Supreme Court of New York, Second Department
Jan 24, 2024
2024 N.Y. Slip Op. 301 (N.Y. App. Div. 2024)

Opinion

No. 2021-01136 Index No. 513122/16

01-24-2024

Benjamin Landa, respondent, v. F. James McGuire, et al., appellants.

Barclay Damon, LLP, New York, NY (Michael J. Case and Kayla Arias of counsel), for appellants. Abrams Fensterman, LLP, White Plains, NY (Robert A. Spolzino of counsel), for respondent.


Barclay Damon, LLP, New York, NY (Michael J. Case and Kayla Arias of counsel), for appellants.

Abrams Fensterman, LLP, White Plains, NY (Robert A. Spolzino of counsel), for respondent.

MARK C. DILLON, J.P., VALERIE BRATHWAITE NELSON, ROBERT J. MILLER, JOSEPH J. MALTESE, JJ.

DECISION & ORDER

In an action to recover damages for unjust enrichment, the defendants appeal from an order of the Supreme Court, Kings County (Larry D. Martin, J.), dated December 30, 2020. The order denied the defendants' motion for summary judgment dismissing the amended complaint.

ORDERED that the order is reversed, on the law, with costs, and the defendants' motion for summary judgment dismissing the amended complaint is granted.

The defendants operated several nursing homes and an affiliated pharmacy.
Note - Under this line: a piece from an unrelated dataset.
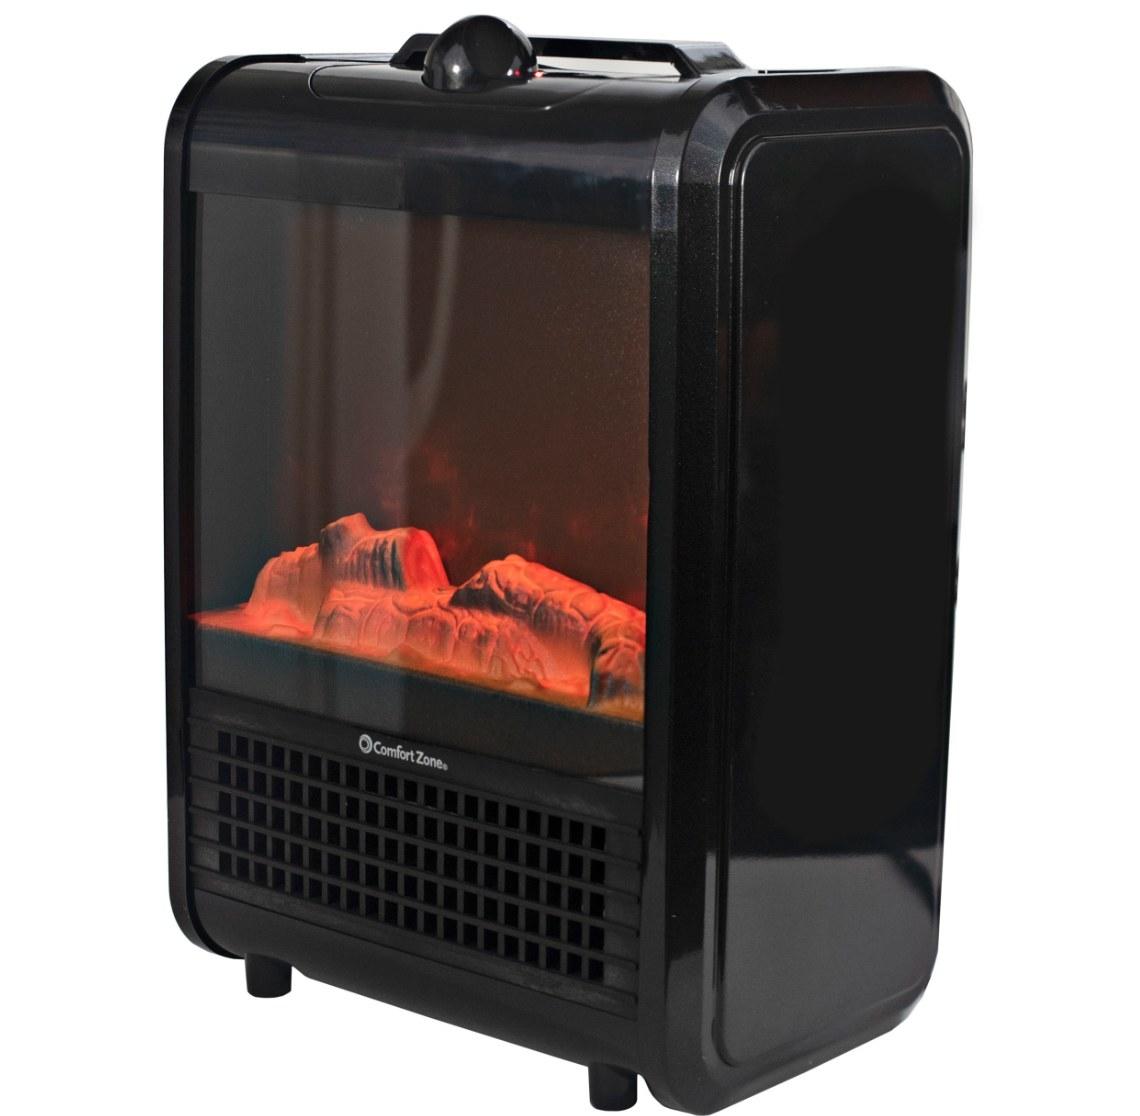 The mini electric fireplace in black

In 2014, the defendants retained a broker to sell the pharmacy. One of the plaintiff's business partners introduced the plaintiff to the defendant F. James McGuire. The plaintiff, who had a preexisting relationship with a consultant for nonparty PharMerica Corporation (hereinafter PharMerica), proposed purchasing the defendants' interest in the nursing homes and finding a third-party buyer for the pharmacy. Either McGuire or one of McGuire's attorneys indicated orally that the plaintiff's proposal would work.

The plaintiff and the defendants entered into a memorandum of understanding dated May 14, 2015, which granted the plaintiff and six other "principals" an exclusive right to purchase the defendants' nursing home business for 90 days subject to certain conditions, including the consummation of PharMerica's acquisition of the defendants' pharmacy.

In September 2015, PharMerica purchased the pharmacy. The purchase agreement provided for a broker's fee to the broker retained by the defendants in 2014. The defendants never reached a final agreement to sell their nursing home business to the plaintiff.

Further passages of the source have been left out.